DATA EXTRACT Block Start

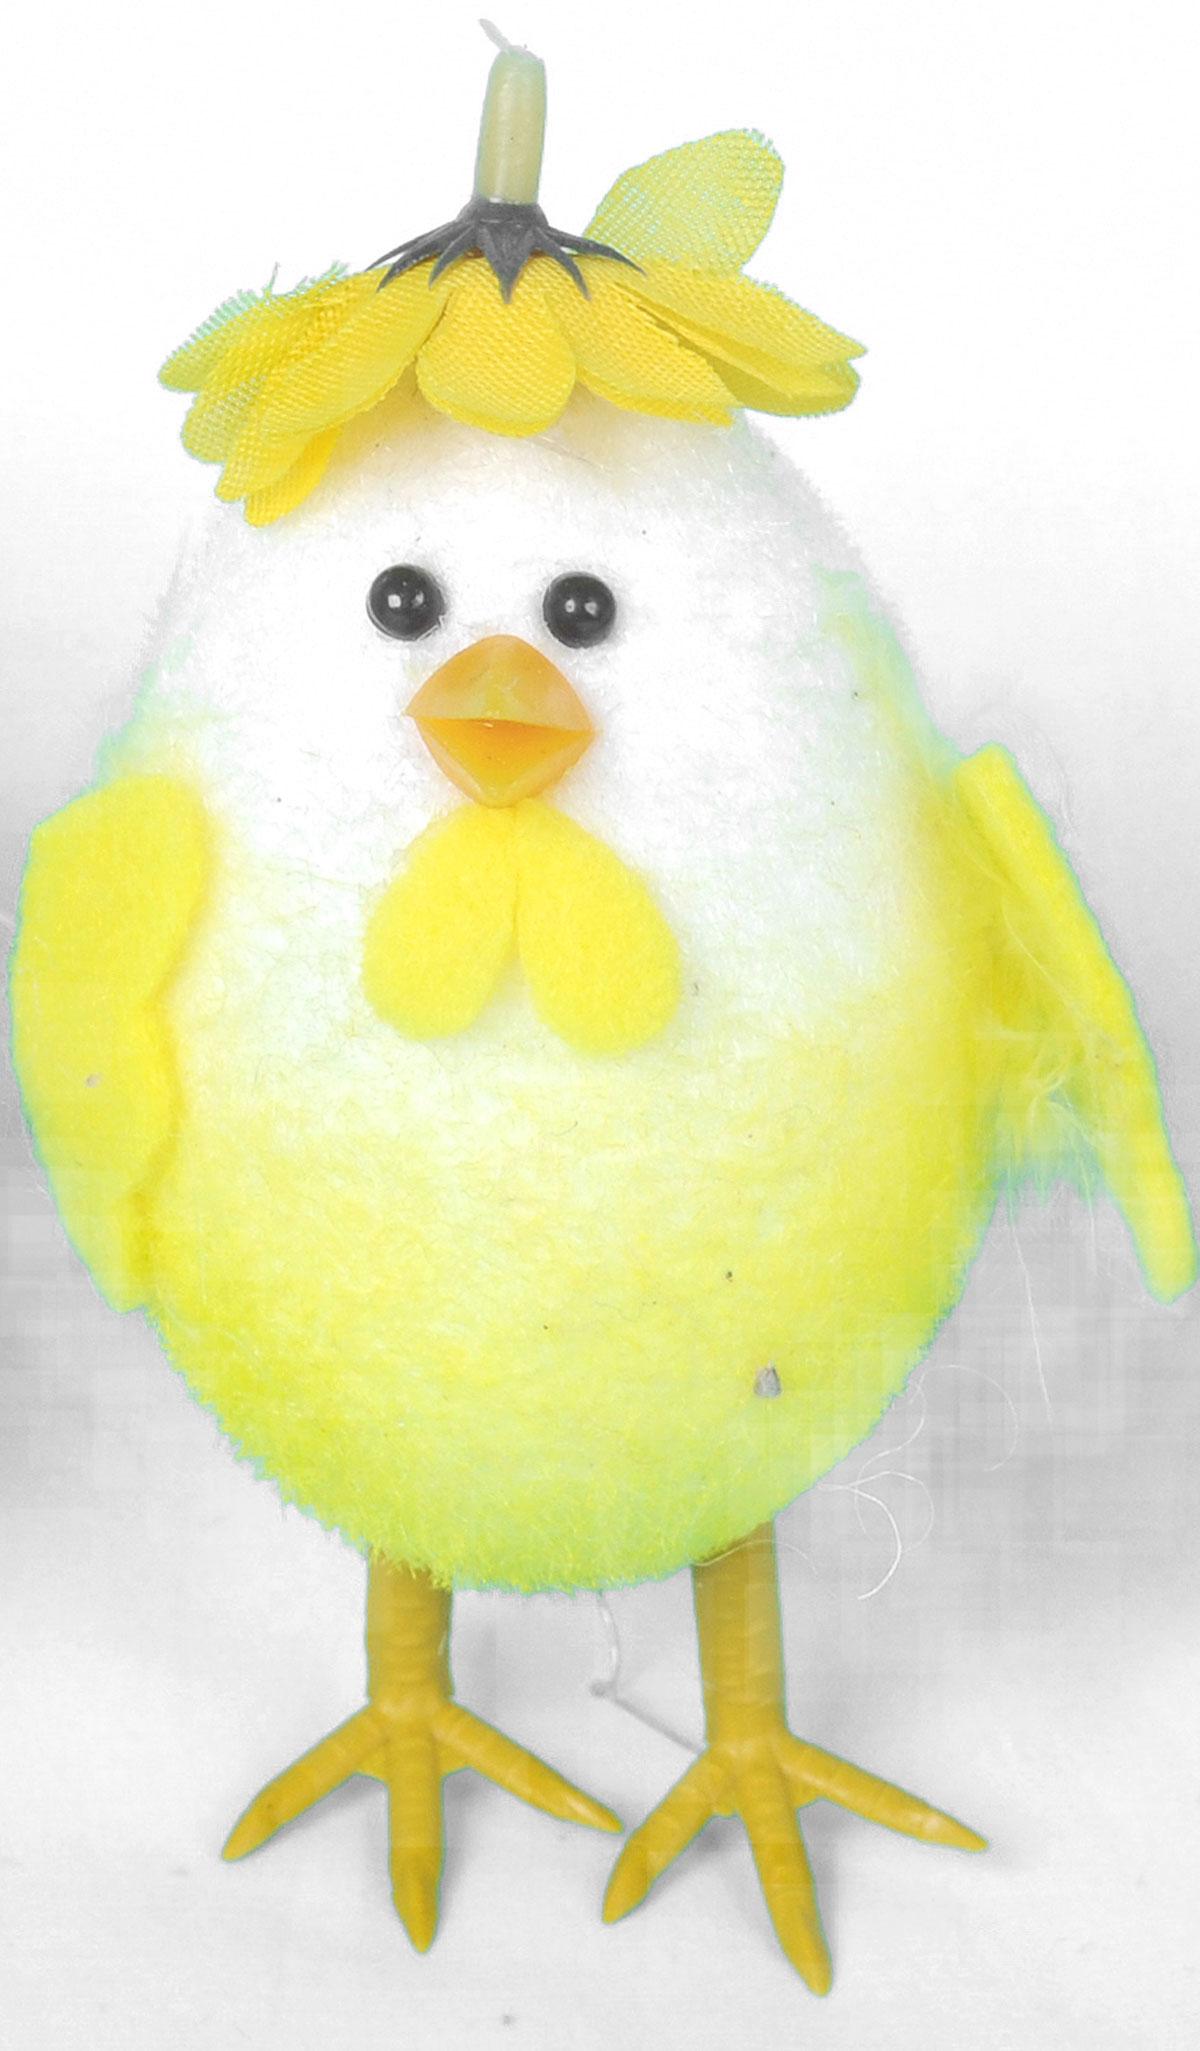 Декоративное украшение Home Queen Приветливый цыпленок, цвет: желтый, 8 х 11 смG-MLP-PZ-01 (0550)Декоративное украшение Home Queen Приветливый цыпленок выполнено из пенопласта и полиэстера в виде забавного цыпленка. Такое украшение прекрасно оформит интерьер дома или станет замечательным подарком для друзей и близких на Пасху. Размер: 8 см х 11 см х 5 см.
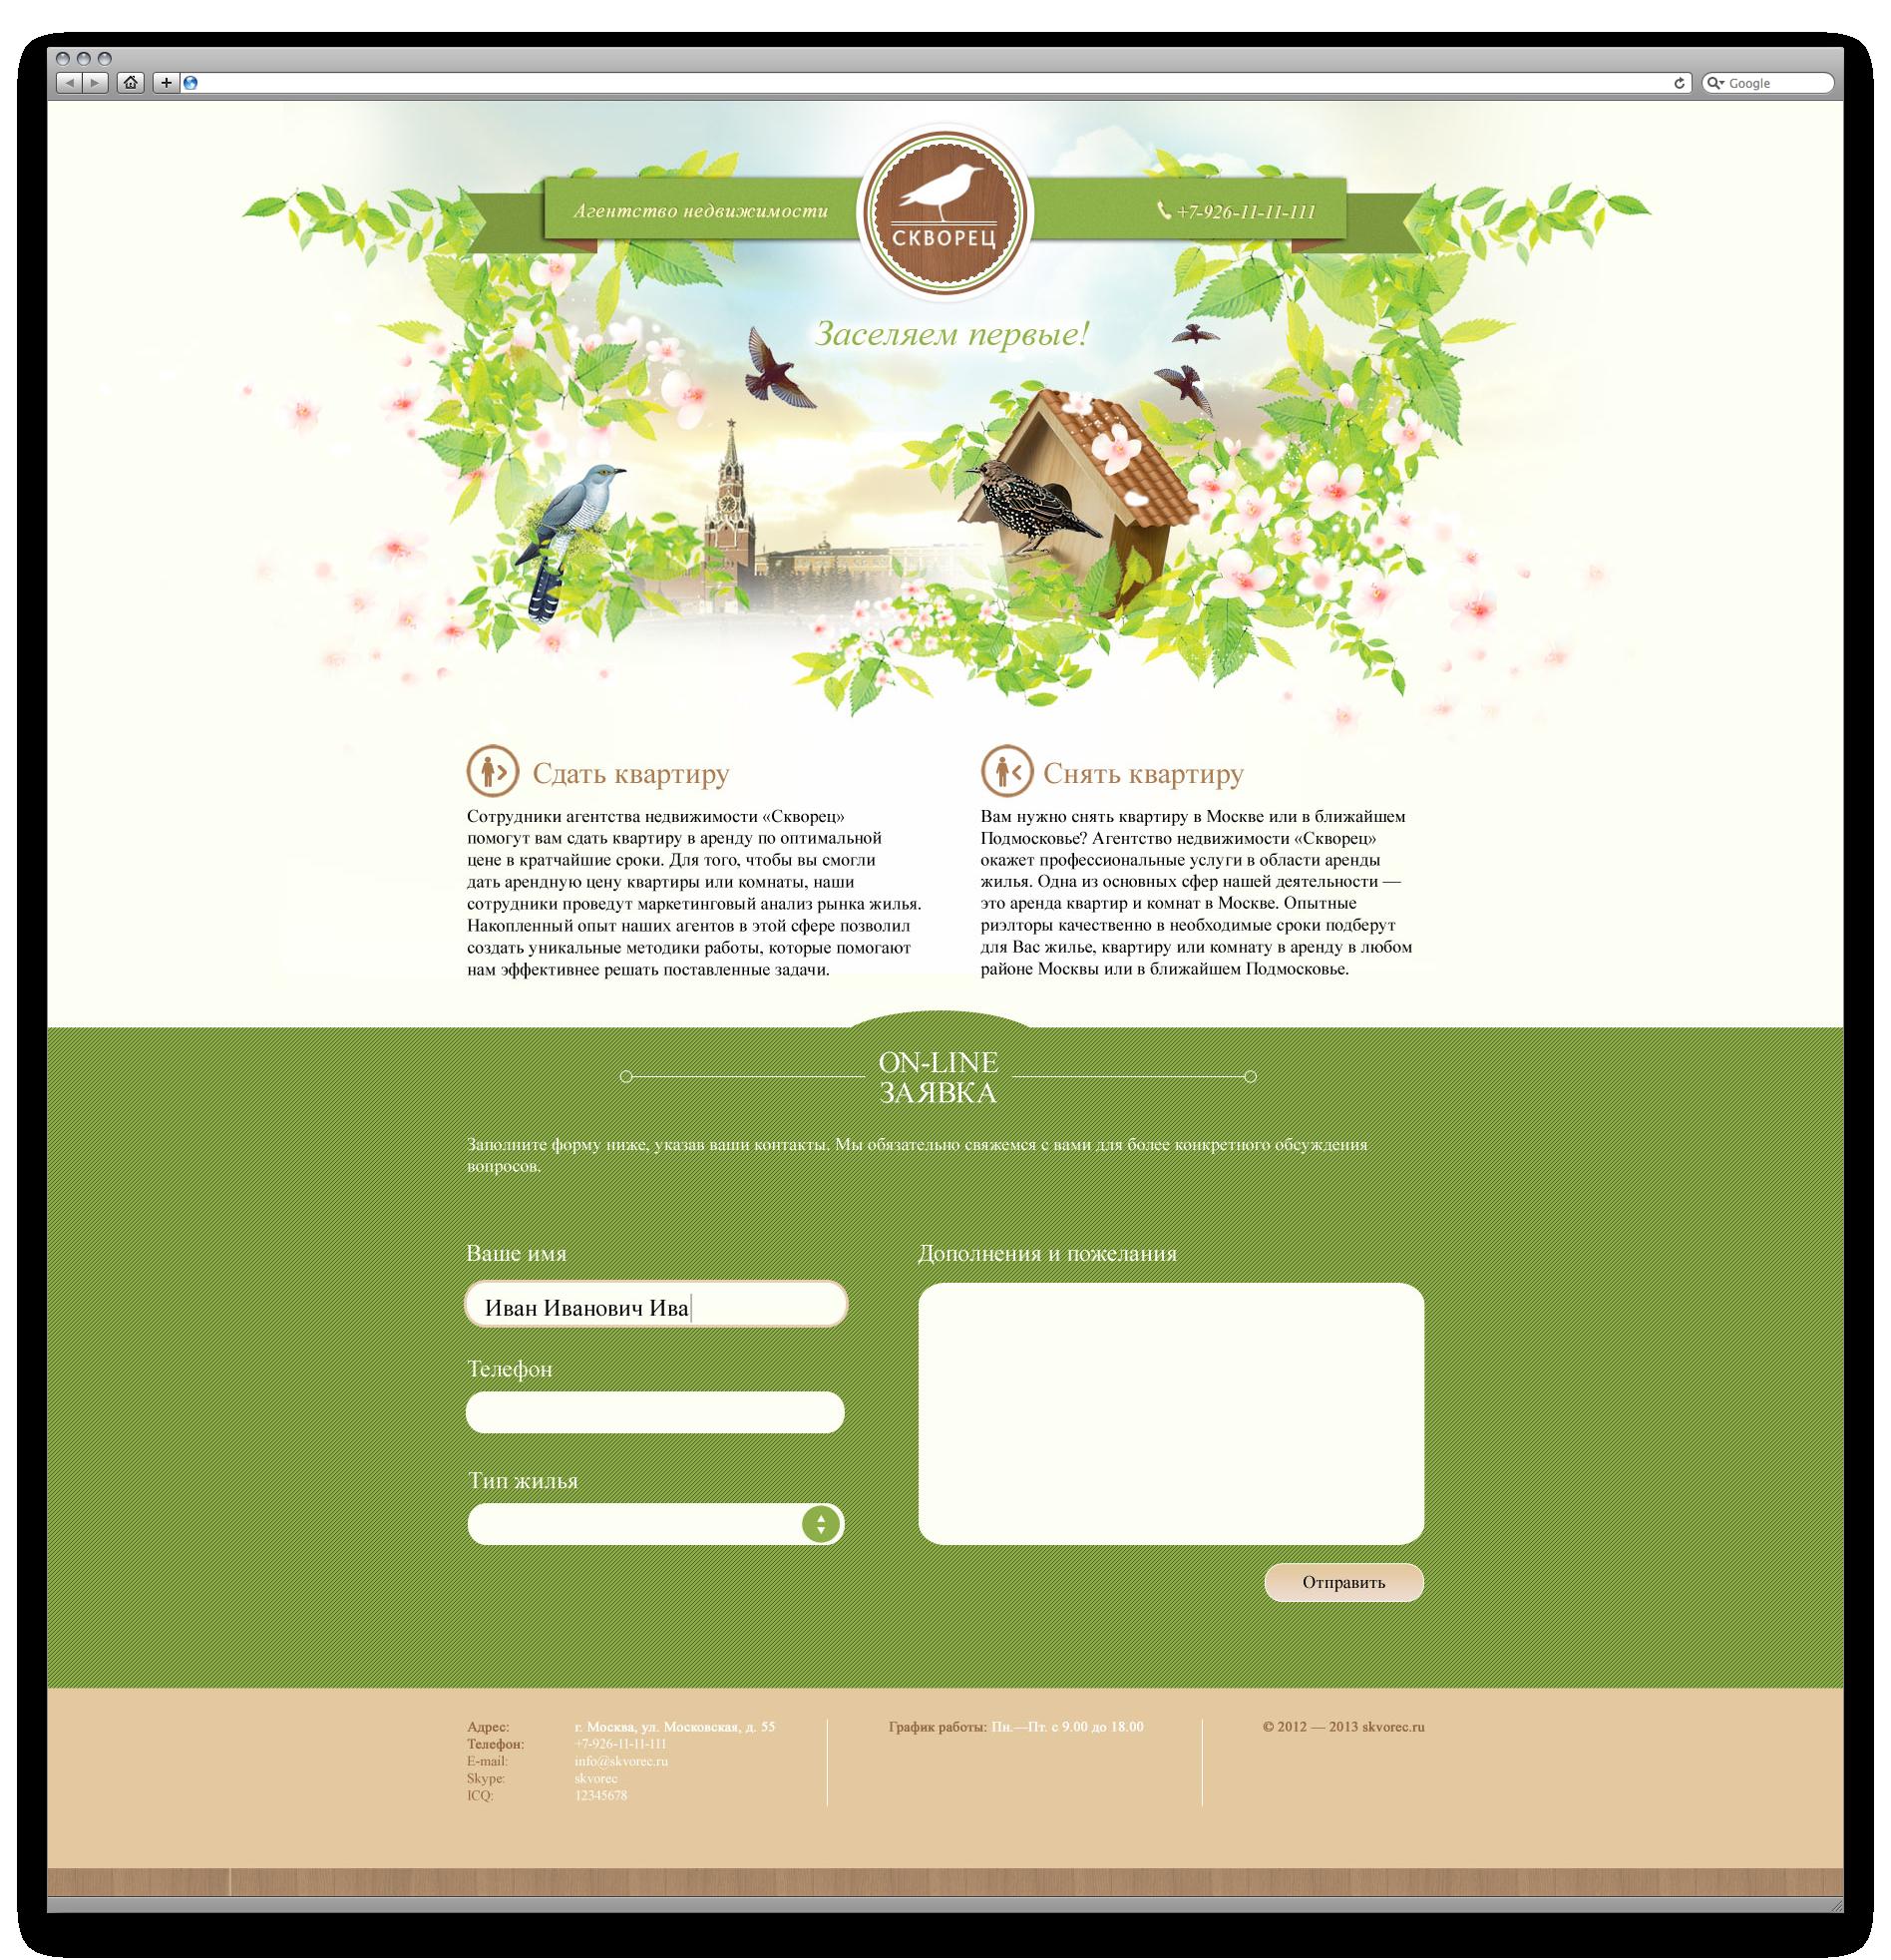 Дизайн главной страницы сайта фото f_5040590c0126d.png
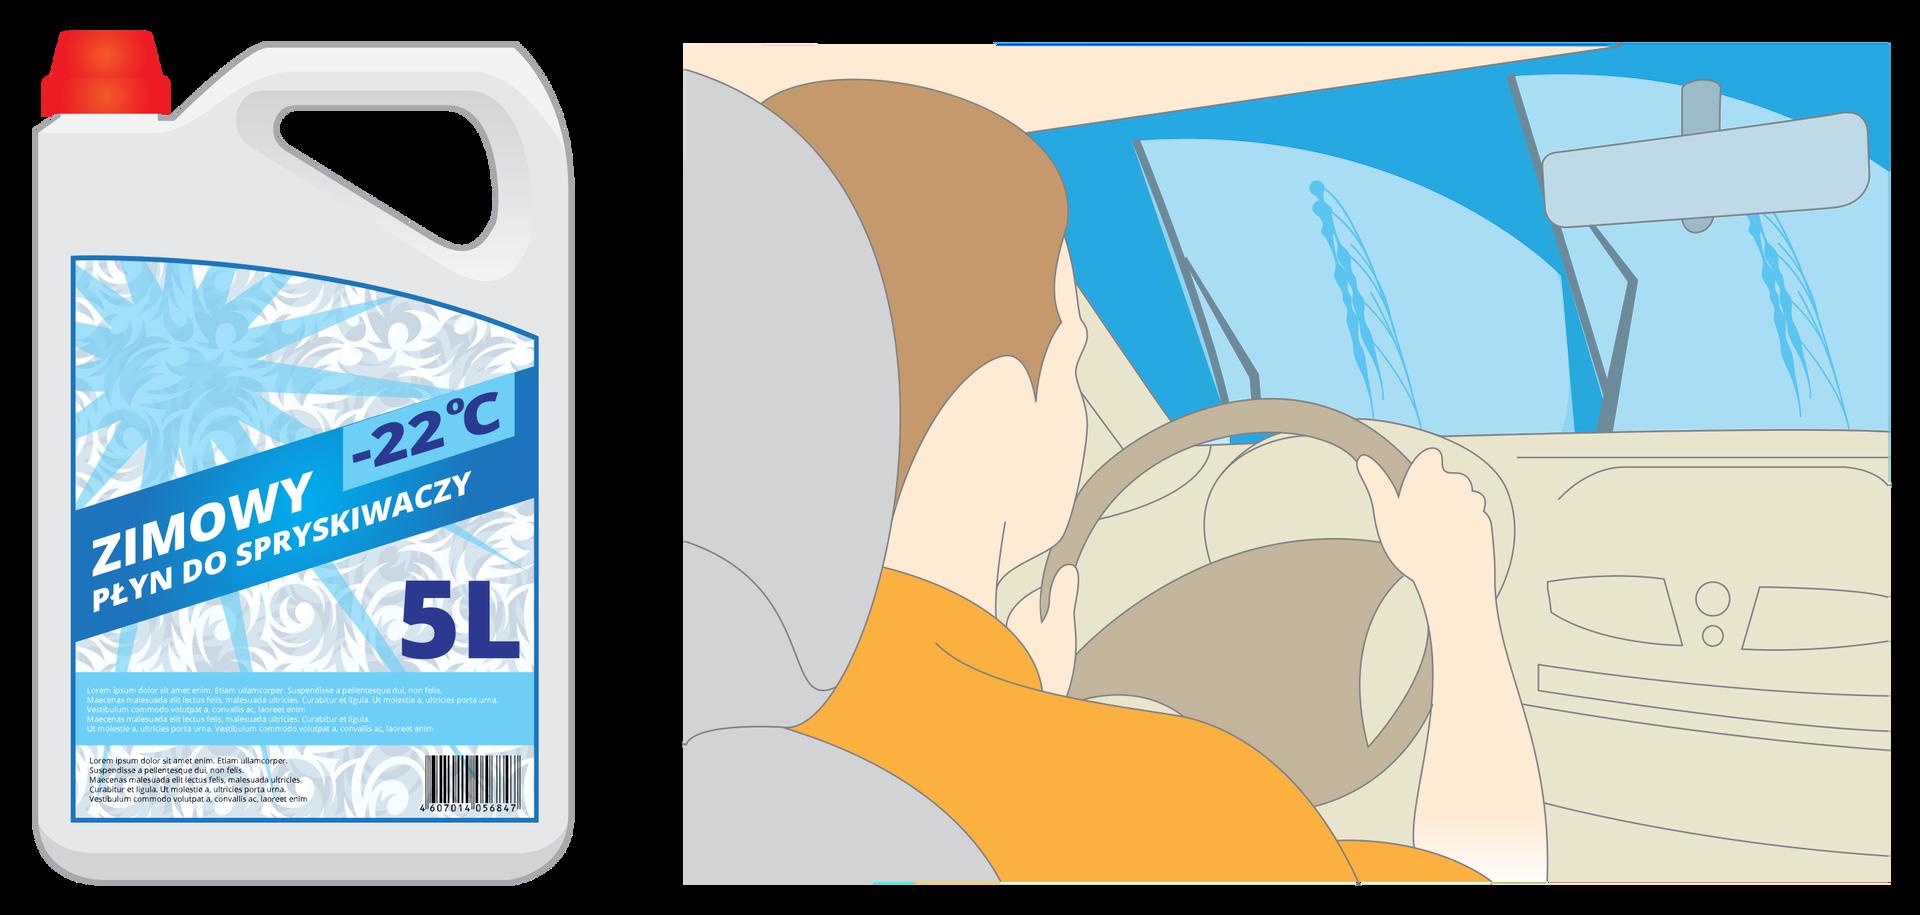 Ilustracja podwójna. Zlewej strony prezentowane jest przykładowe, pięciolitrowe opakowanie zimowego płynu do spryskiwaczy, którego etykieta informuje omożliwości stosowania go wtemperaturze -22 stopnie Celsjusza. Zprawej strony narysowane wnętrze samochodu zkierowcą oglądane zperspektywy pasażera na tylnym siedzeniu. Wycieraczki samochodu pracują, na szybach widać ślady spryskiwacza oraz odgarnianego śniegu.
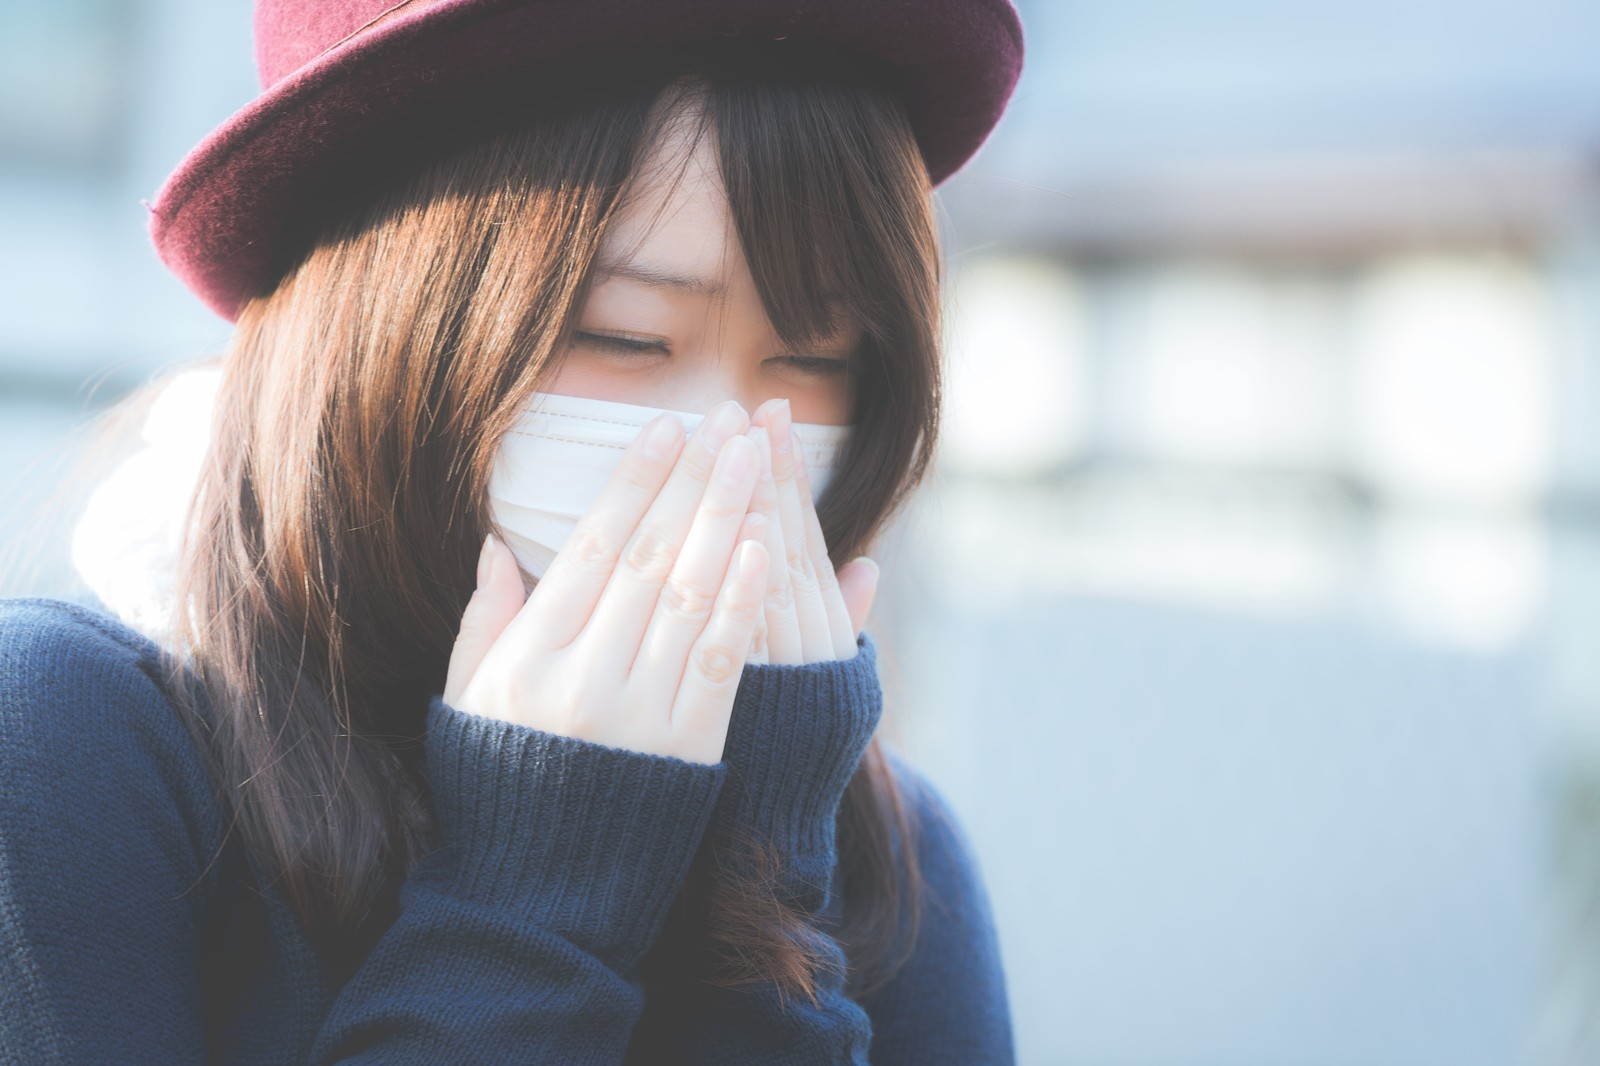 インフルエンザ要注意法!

DATA EXTRACT Block End

### TASK DESCRIPTION
Without including a single picture, restate all of the data word for word.

### RESPONSE BOX
 Декоративное украшение Home Queen Приветливый цыпленок, цвет: желтый, 8 х 11 смG-MLP-PZ-01 (0550)Декоративное украшение Home Queen Приветливый цыпленок выполнено из пенопласта и полиэстера в виде забавного цыпленка. Такое украшение прекрасно оформит интерьер дома или станет замечательным подарком для друзей и близких на Пасху. Размер: 8 см х 11 см х 5 см.
 Дизайн главной страницы сайта фото f_5040590c0126d.png
 Ilustracja podwójna. Zlewej strony prezentowane jest przykładowe, pięciolitrowe opakowanie zimowego płynu do spryskiwaczy, którego etykieta informuje omożliwości stosowania go wtemperaturze -22 stopnie Celsjusza. Zprawej strony narysowane wnętrze samochodu zkierowcą oglądane zperspektywy pasażera na tylnym siedzeniu. Wycieraczki samochodu pracują, na szybach widać ślady spryskiwacza oraz odgarnianego śniegu.
 インフルエンザ要注意法!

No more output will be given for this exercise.